Court while concluding the judgment on the grounds of “sufficient cause”, referred to the case of Parimal v. Veena (2011) 3 SCC 545, which is reproduced as under;

‘’sufficient cause’’ is an expression which has been used in a large number of statutes. The meaning of the word ‘sufficient’ is ‘adequate’ or ‘enough’, in as much as may be necessary to answer the purpose intended. Therefore, Word ‘sufficient’ embraces no more than that which provides a platitude which when the act done suffices do it completes the purpose intended in the facts and circumstances existing in a case and duly come in from the viewpoint of reasonable Standard of a cautious man. In this context, ‘sufficient cause’ means that the party had not acted in a negligent manner or there was a want of Bona fide on its part in view of the facts and circumstances of the case or the party cannot be alleged to have been ‘not acting diligently’ or’ remaining in active’.

 However, the facts and circumstances of each case must other sufficient ground to enable the court concerned to exercise discretion for the reason that whenever the court exercises discretion, it has to be exercised judiciously.

The court also made reference to G.P. Srivastava v. R.K. Raizada and Others wherein the Supreme Court had held that, “Under Order 9 Rule 13 CPC an ex parte decree passed against a defendant can be set aside upon satisfaction of the Court that either the summons were not duly served upon the defendant or he was prevented by any “sufficient cause” from appearing when the suit was called on for hearing. Unless “sufficient cause” is shown for non-appearance of the defendant in the case on the date of hearing, the court has no power to set aside an ex parte decree. The words “was prevented by any sufficient cause from appearing” must be liberally construed to enable the court to do complete justice between the parties particularly when no negligence or inaction is imputable to the erring party. Sufficient cause for the purpose of Order 9 Rule 13 has to be construed as an elastic expression for which no hard-and-fast guidelines can be prescribed”.

The bench also referred to the case of state of Bihar v. Kameshwar Prasad Singh [(2000) 9 SCC 94] Wherein it was observed that, “Also while deciding whether there is sufficient cause or not, the court must bear in mind the object of doing substantial justice to all the parties concerned and that the technicalities of the law should not prevent the court from doing substantial justice and doing away with the illegality perpetuated on the basis of judgement impugned before it.”
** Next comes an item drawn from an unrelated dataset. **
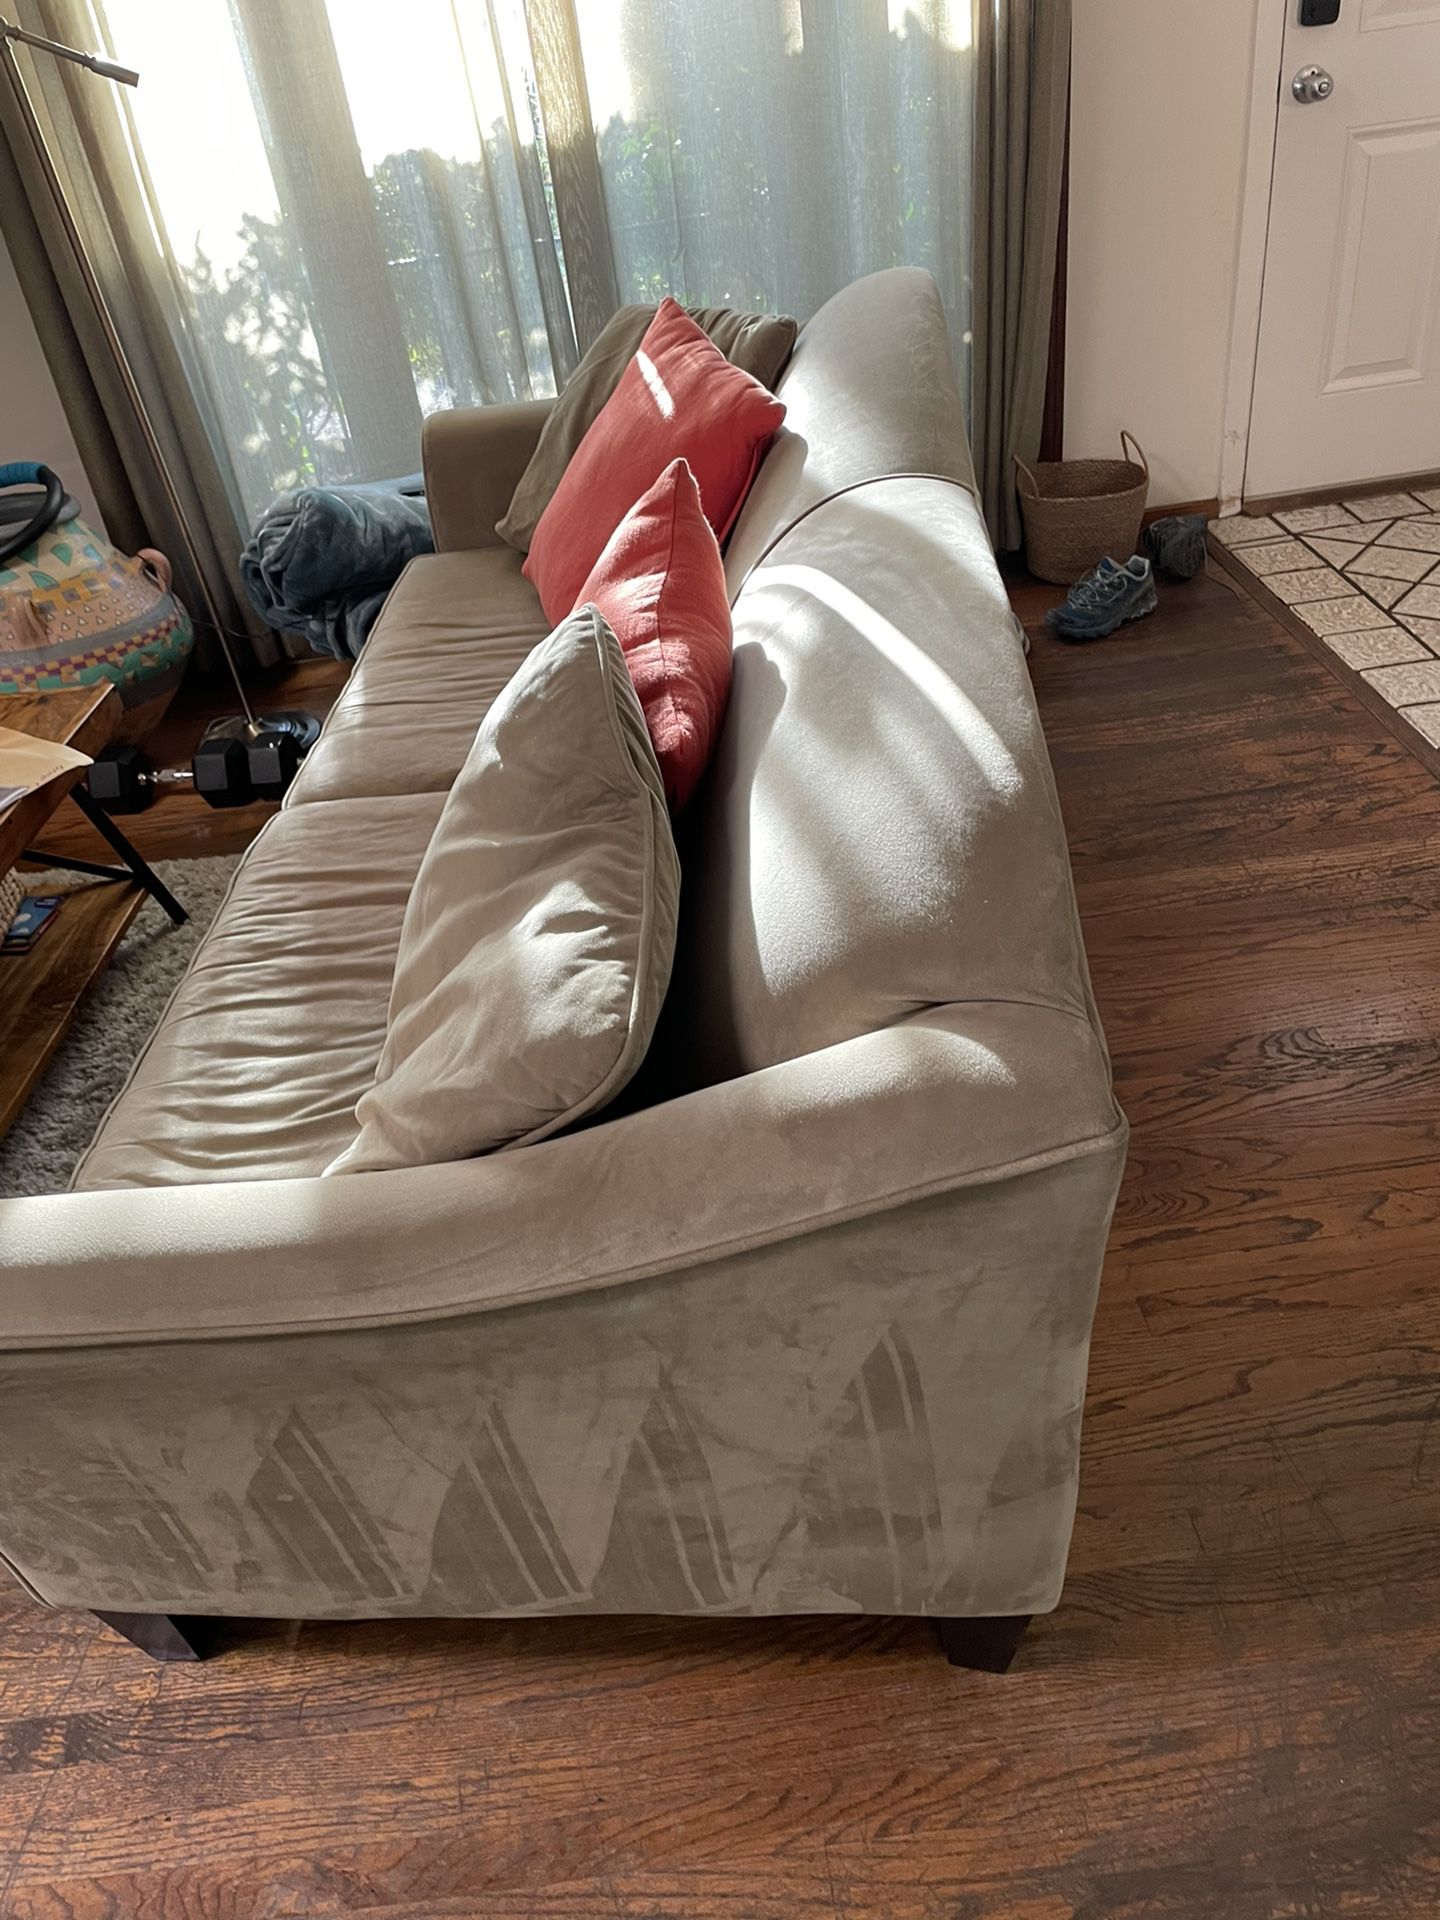 Grey Couch - Comfortable And Good Condition!

Considering the facts of the case and the legal precedents on the matter observed that the summons had been returned with the remark that the ‘door was locked’ and thus the defendants would lose a valuable right to defend the suit if they are deemed to be served in the facts narrated above. Thus the court directed that the application be allowed and the order whereby the defendants were presumed to be served by dasti service, be recalled.